# Need some advice about slingshot



## tastetickles (Jul 3, 2017)

Hey ladies and gentlemen, so I'm thinking of getting another slingshot after playing with the torque. However this time I wanna try TTF but still stay with using looped tubes, what slingshot fits these requirements ? I looked it up on internet but most of them are banded, some do mention they accept tubes but doesn't say whether it's TTF or OTF. I was watching the ocularis video from simpleshot and in the end looped tubes should be used with the aluminium version only. Are looped tubes only meant for OTF?

Ty


----------



## Cjw (Nov 1, 2012)

You can attach looped tubes ttf on the scout with the flip clips.

Sent from my iPhone using Tapatalk


----------



## tastetickles (Jul 3, 2017)

Cjw said:


> You can attach looped tubes ttf on the scout with the flip clips.
> 
> Sent from my iPhone using Tapatalk


Ty. I was looking at the scout on simpleshot website, does anyone know whether the limited color scout is gen 2 material?


----------



## Cjw (Nov 1, 2012)

I believe all the scouts are the gen 2 material now.

Sent from my iPhone using Tapatalk


----------



## Tag (Jun 11, 2014)

I'm not 100% if Pocket Predator is making these Lil Rangers, but if he is they are fit the n your hand love i.e. a glove.


----------



## Tag (Jun 11, 2014)

I'm not 100% if Pcket Predator is making these Lil Rangers, but he if is they are fit in your hand like a glove.


----------



## tastetickles (Jul 3, 2017)

Tag said:


> I'm not 100% if Pcket Predator is making these Lil Rangers, but he if is they are fit in your hand like a glove.

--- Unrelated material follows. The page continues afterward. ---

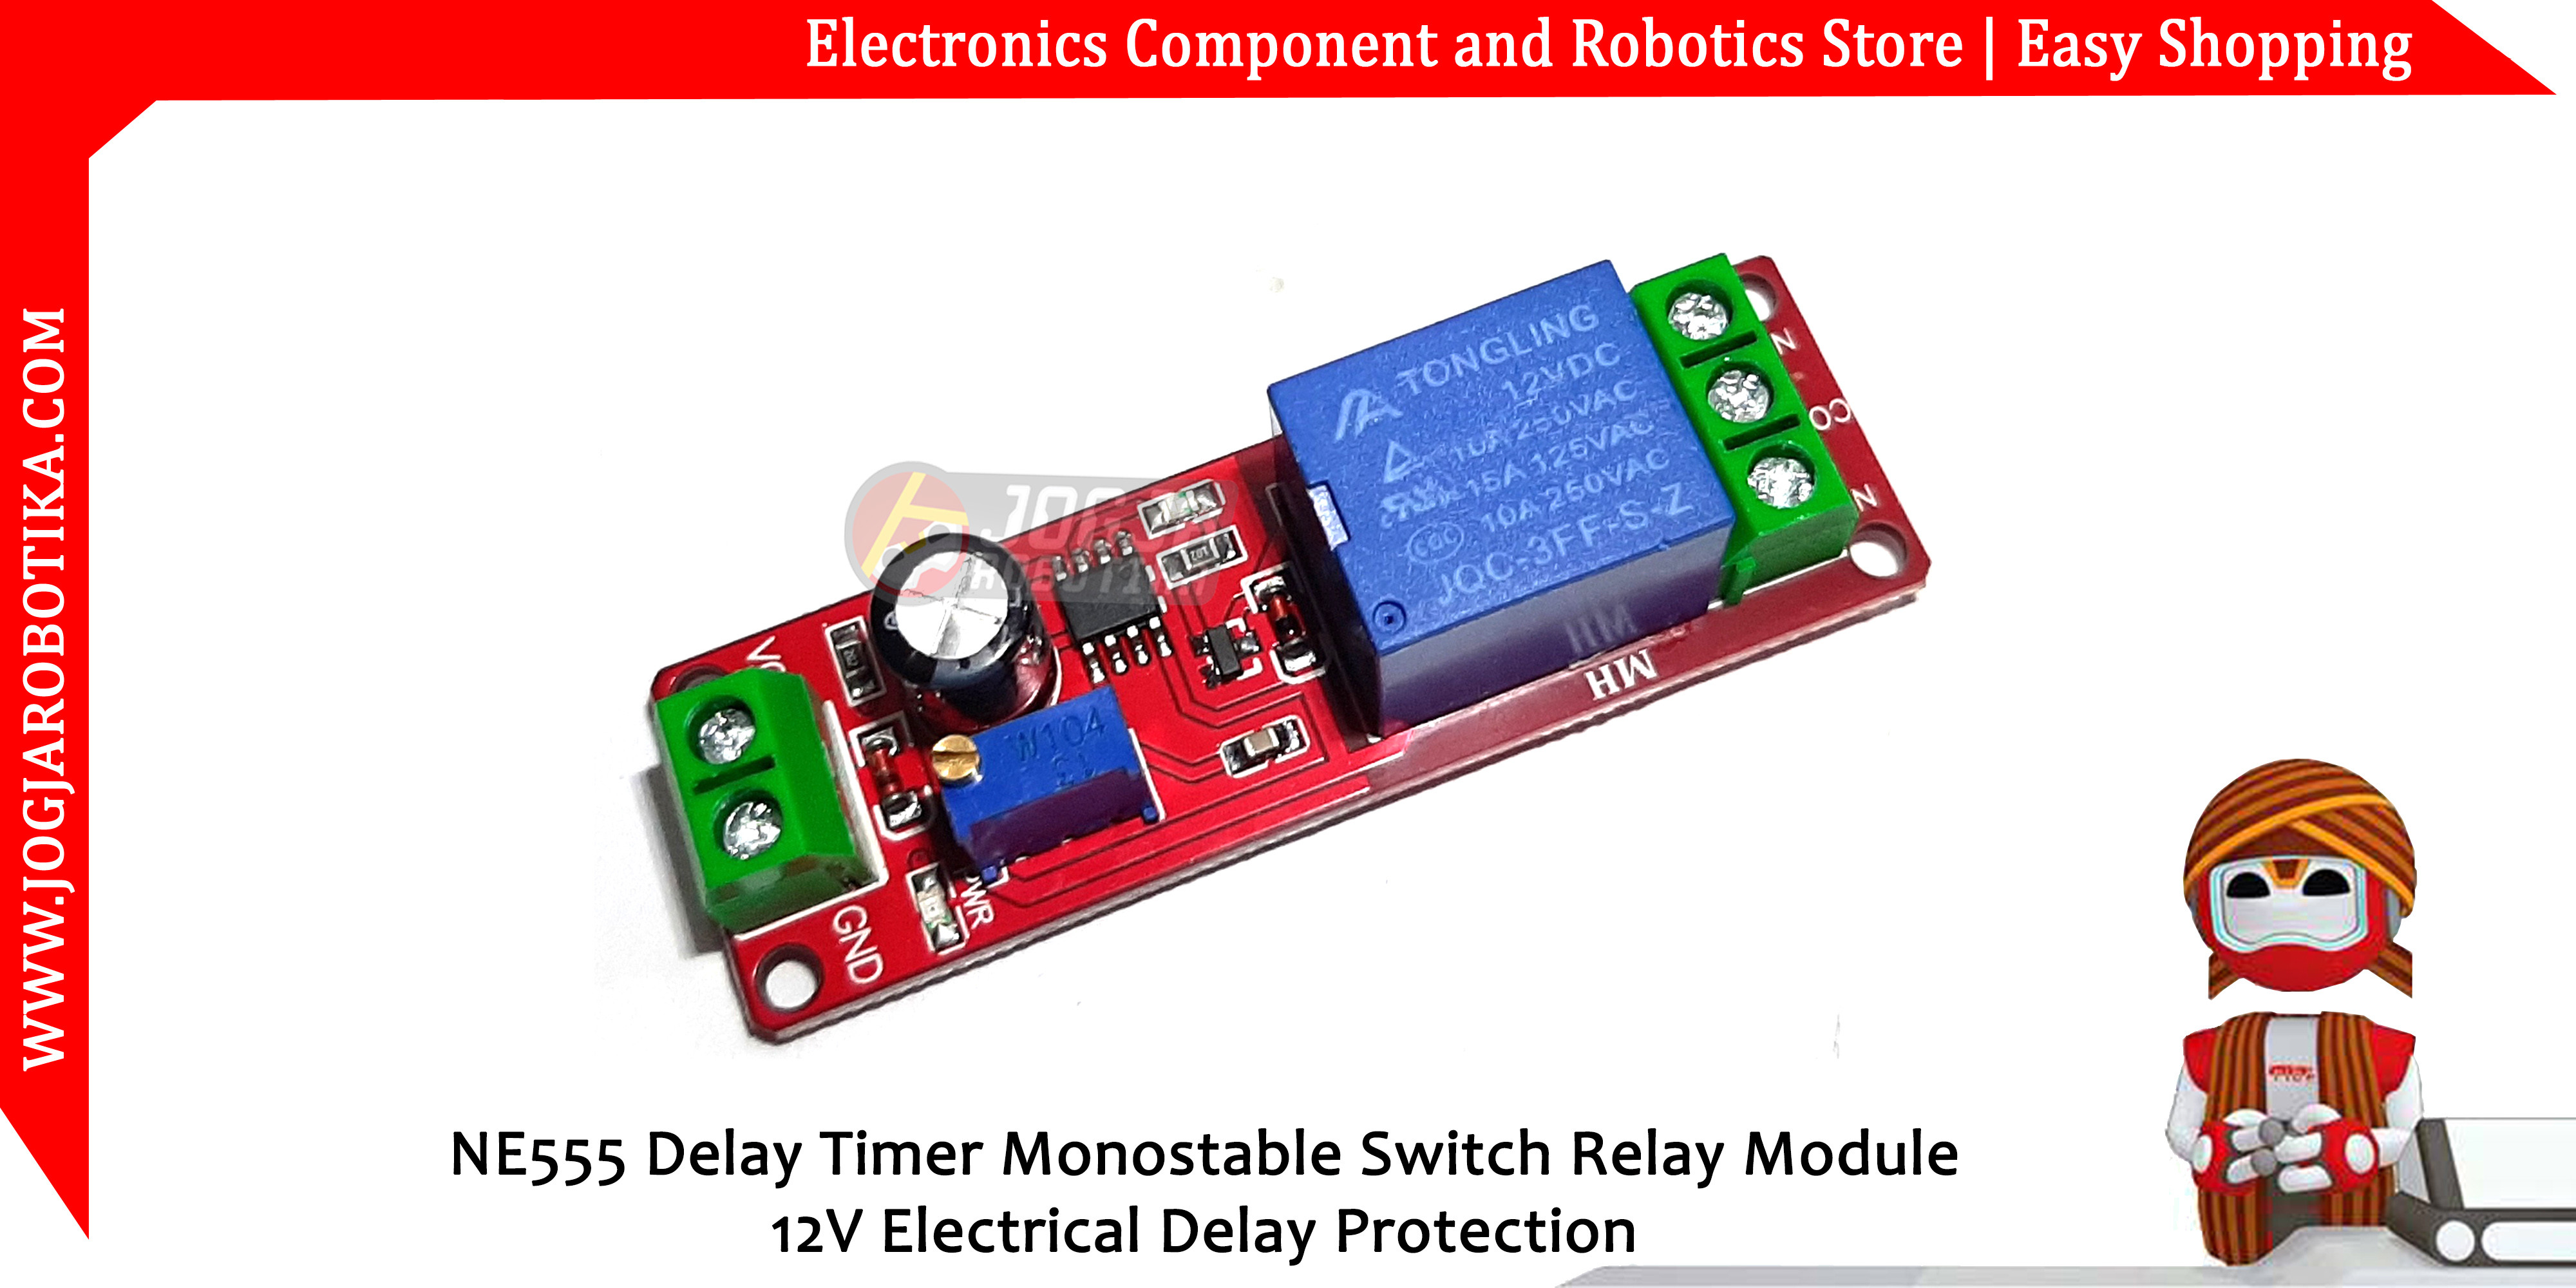 NE555 Delay Timer Monostable Switch Relay Module 12V Electrical

Thanks I'll look into that as well


----------



## Jolly Roger (Aug 14, 2017)

From what you've described I'll bet you will like the Alley Cat by Jack Koehler on eBay for $69. Shoots looped tubes or looped bands.


----------



## tastetickles (Jul 3, 2017)

Ordered a Scout and a Beanflip from Simpleshot. Been waiting 3 weeks for it to arrived, its killing me.


----------